Please indicate what release you used, when it was built and any other information you'd care to share about it. If you have helpful hints or tips for building the kits, please feel free to share them, as well.

Before you say anything, yes, there will be a lot of repitition, but I'm sure lots of you have done amazing things with these kits! :thumbsup:

To start you off, here's my Koach from the Graveyard Ghoul Duo release.









Thanks,
Ernie
MunsterKoach.com


----------



## Dirt

None? Seriously? Hmm...


----------



## CorvairJim

Sorry Ernie, but I've never built either kit.
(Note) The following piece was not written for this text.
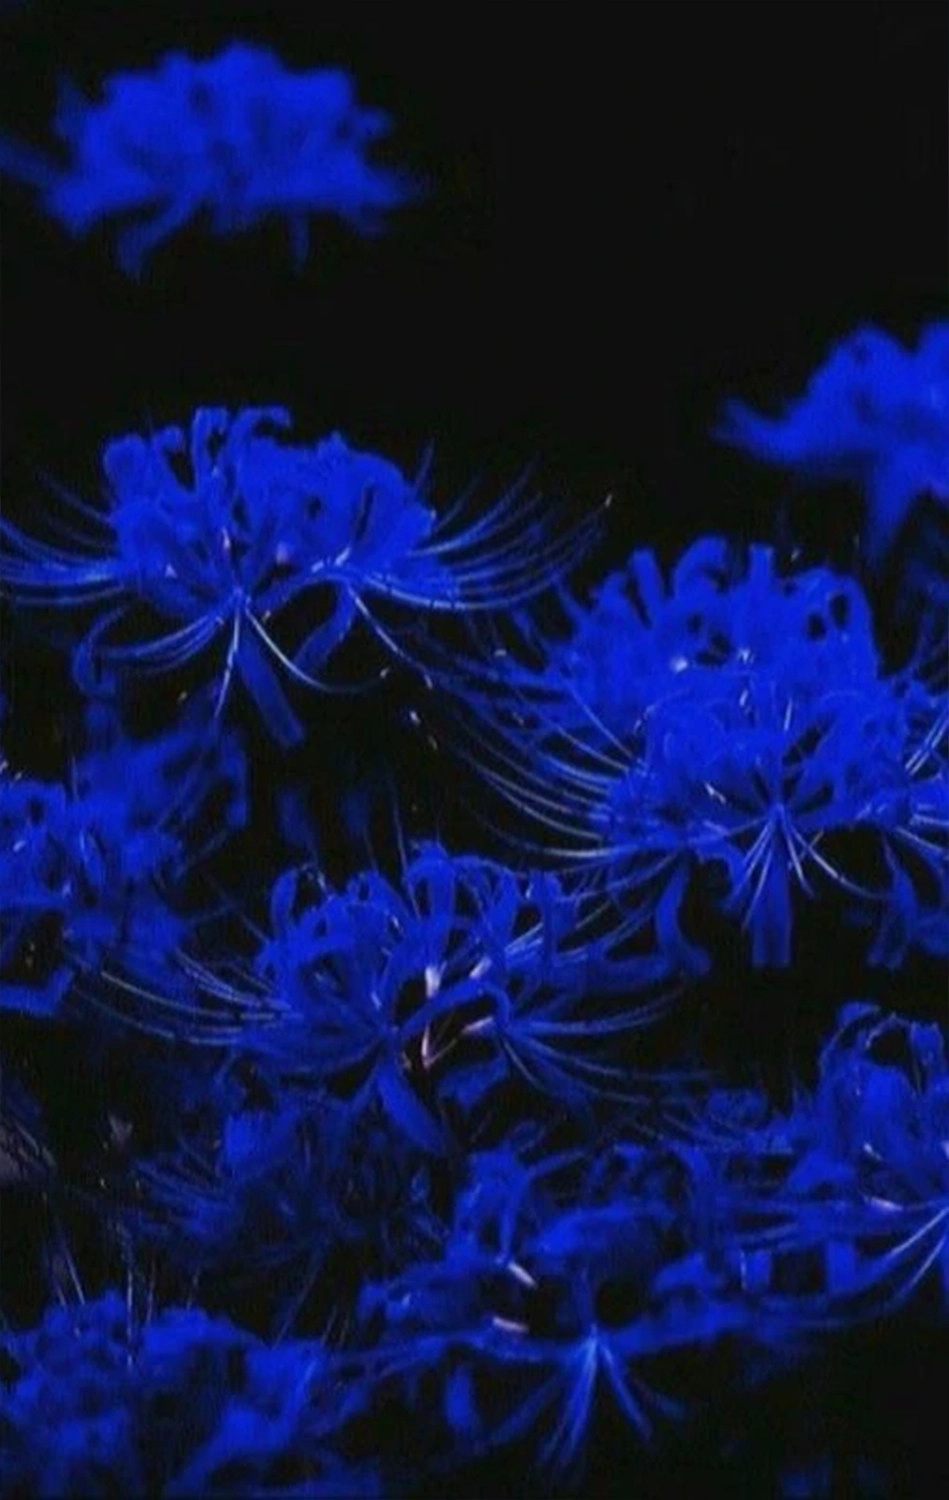  Hình ảnh nền nhiều nhành hoa bỉ ngạn xanh rớt cho tới năng lượng điện thoại

The only TV car I've ever done was a replica of Jim Rockford's '77 Firebird Esprit from "The Rockford Files", based on an AMT '78 Trans Am.


----------



## scottnkat

sorry - it's in the "to be built" pile


----------



## rkoenn

Ernie,

Just back from vacation and I saw your post. I built both a year and a half ago and they won a merit award at Wonderfest last year and a third place at Modelpalooza in Orlando last October. I'll see what needs to be done and fire off pictures of them once I get settled back in the next day or two.


----------



## Dirt

Bob;

I rec'd the pictures. They look great!

Thank you,
Ernie
MunsterKoach.com


----------



## Dirt

Just popping in again to see if anybody else besides rkoenn has built a Munster Koach or Dragula. A search revealed FLKitbuilder had been working on one. I saw a lot of fantastic kits, but I didn't see any Koach kit pictures.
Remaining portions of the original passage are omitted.